Чай принёс проводник, такой важный, что встретив на улице, его можно было бы принять за премьер-министра. Аня приняла из его рук три стакана с дымящимся золотистым чаем и откинулась на сиденье, неподвижно глядя в окно на проплывающий мимо кустарник.
Впереди ждал Петербург. Как он их примет?
По улицам Санкт-Петербурга гулял промозглый ноябрь, любивший попугать горожан штормовыми ветрами, перемежающимися с мелким и частым дождиком.
Пару раз за последнее время каналы переполнялись чёрной водой, угрожающе перехлестывающей на мостовую.
– Наводнение, наводнение, – настороженно начинали переговариваться между собой местные жители, прислушиваясь, не ударит ли пушка, предупреждавшая о разгуле стихии.

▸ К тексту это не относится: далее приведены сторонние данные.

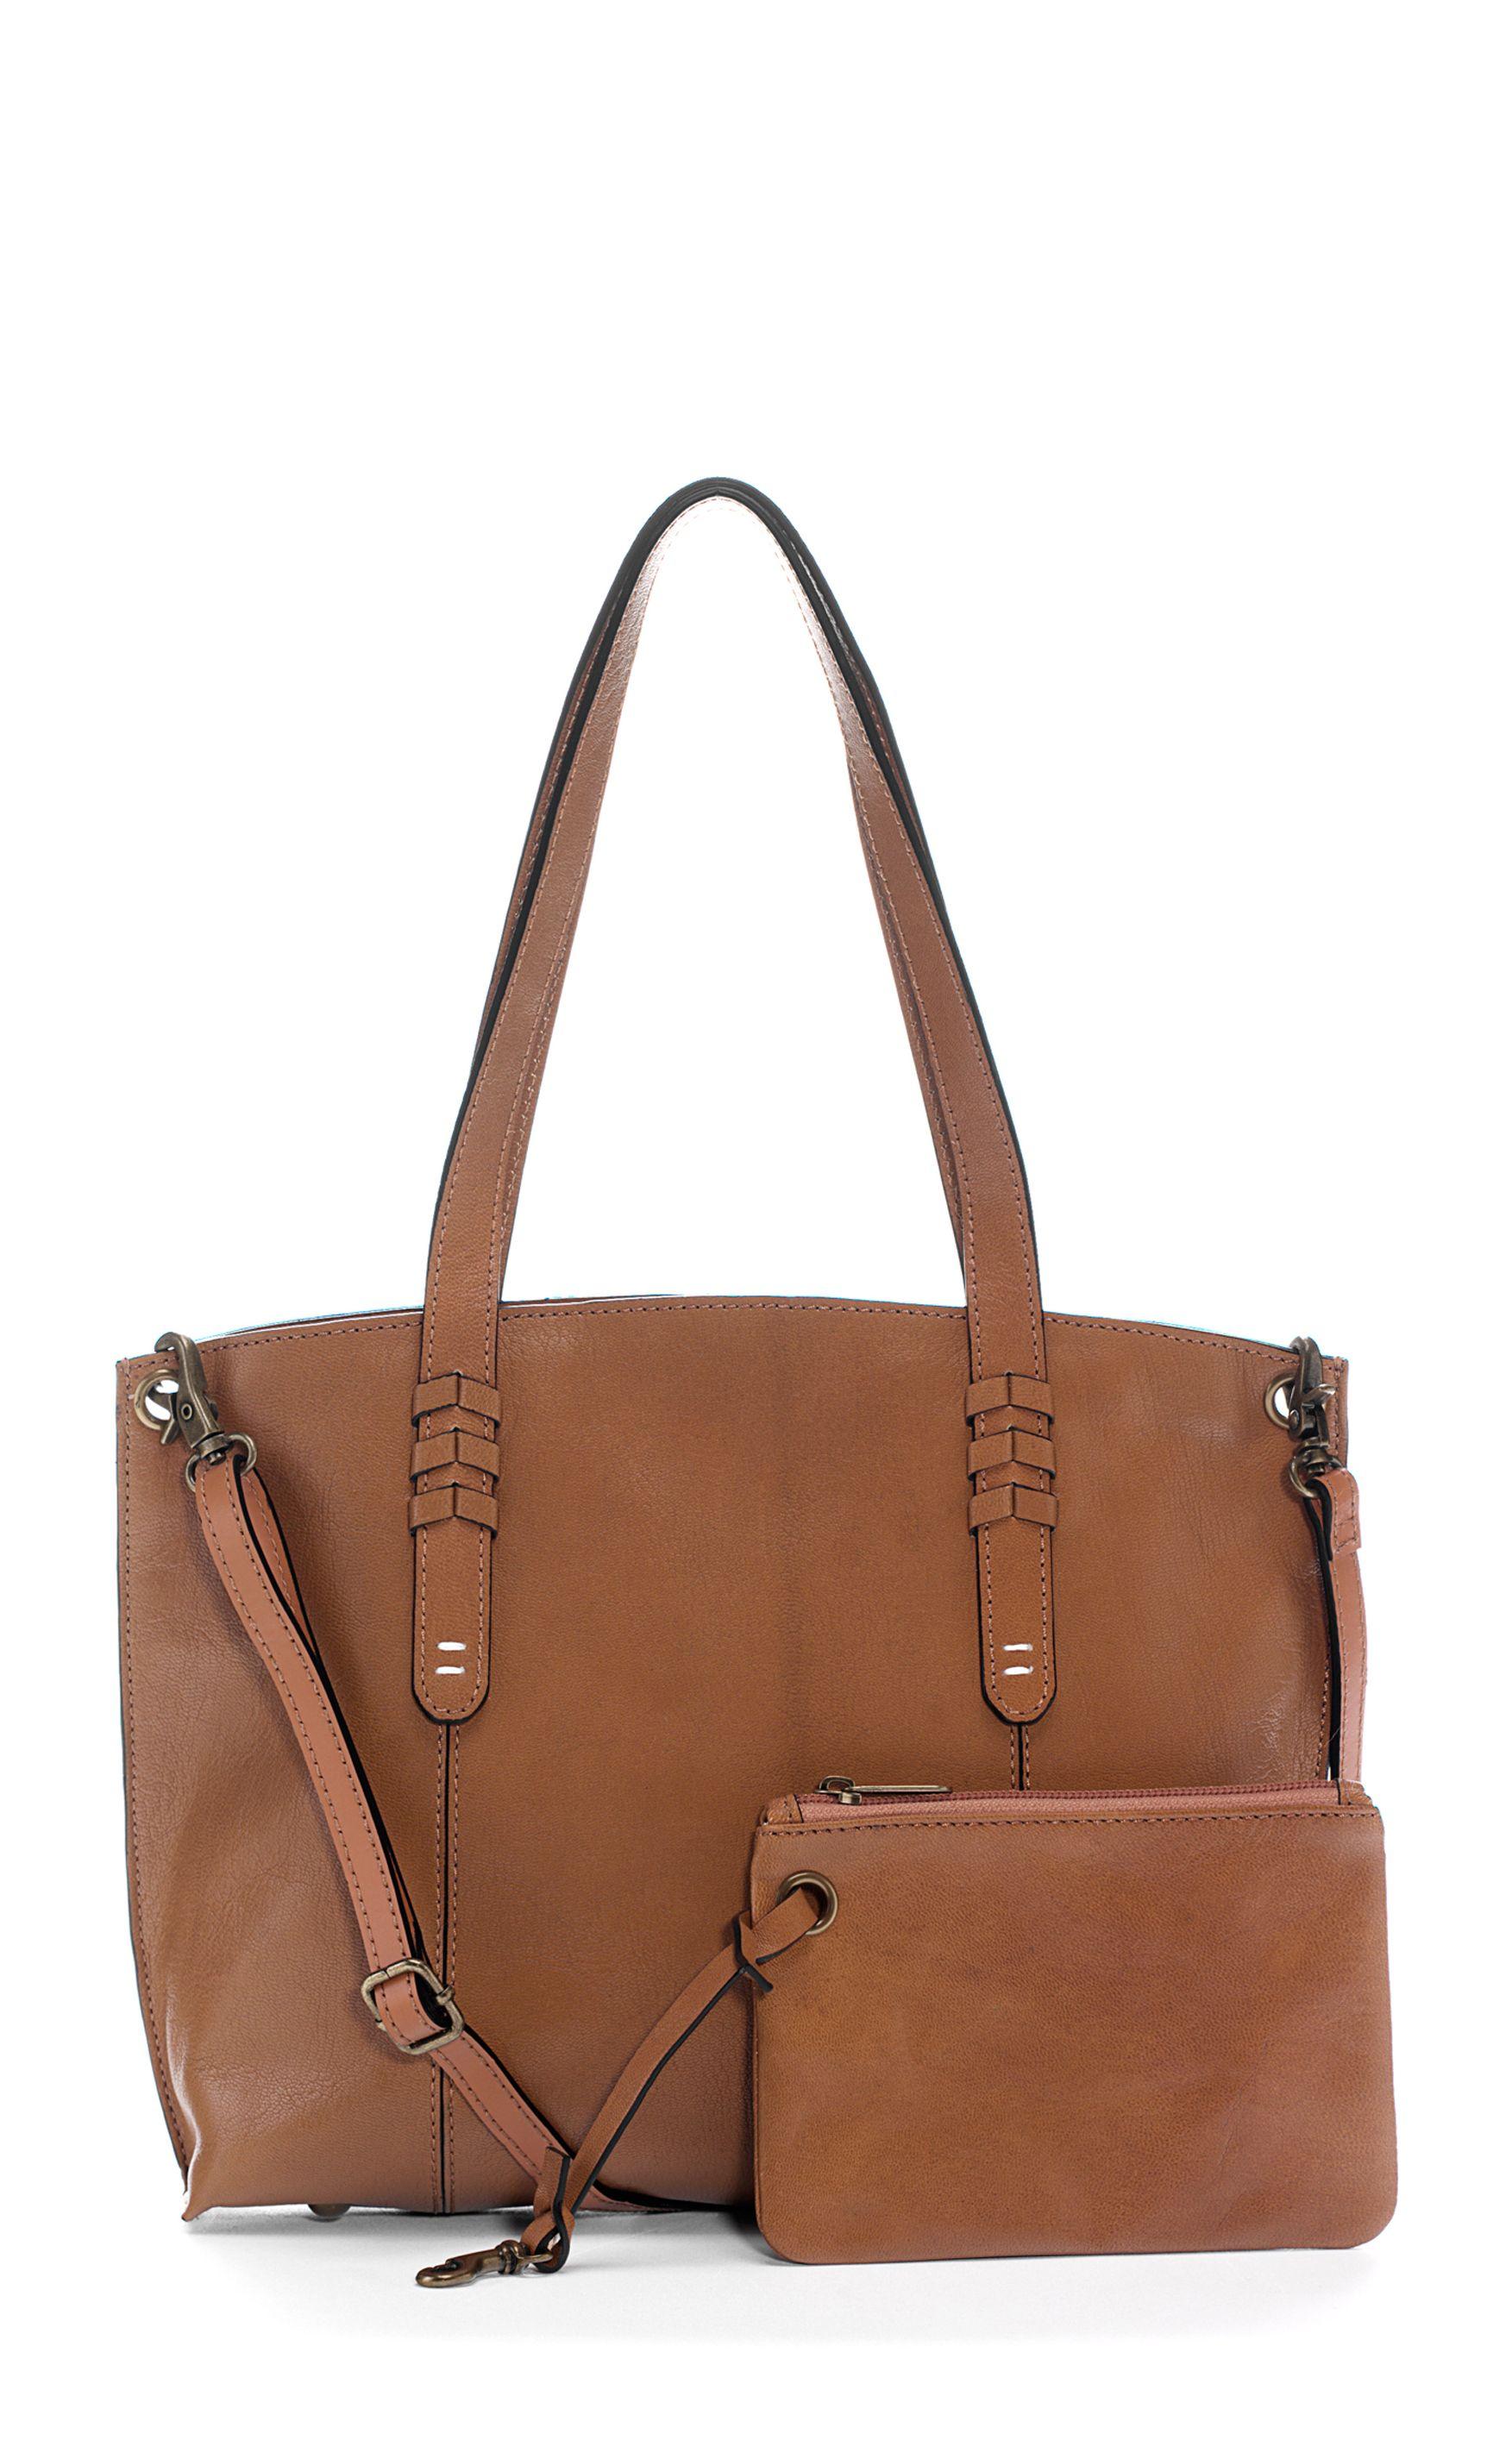 b0d8fd5a0646 Ellington Handbags

Солнечных дней почти не выдавалось, поэтому, как только робкое солнце крадучись выкатывалась на небосвод, петербуржцы высыпали на улицы, желая запастись хоть толикой света перед долгой северной зимой.
Аня сидела на скамейке у храма Михаила Архангела, втиснувшись между двумя объёмистыми дамами в бархатных салопах и тощим долгобородым старичком благообразного вида.
Сегодня, в день Михаила Архангела, она крутилась на ногах с самого утра и устала до звона в ушах. Часов в пять утра её разбудила охающая Анисья, глухо постучавшая кулачком в стену спальни:
– Анютка, помогай, так спину разломило, что с кровати встать не могу.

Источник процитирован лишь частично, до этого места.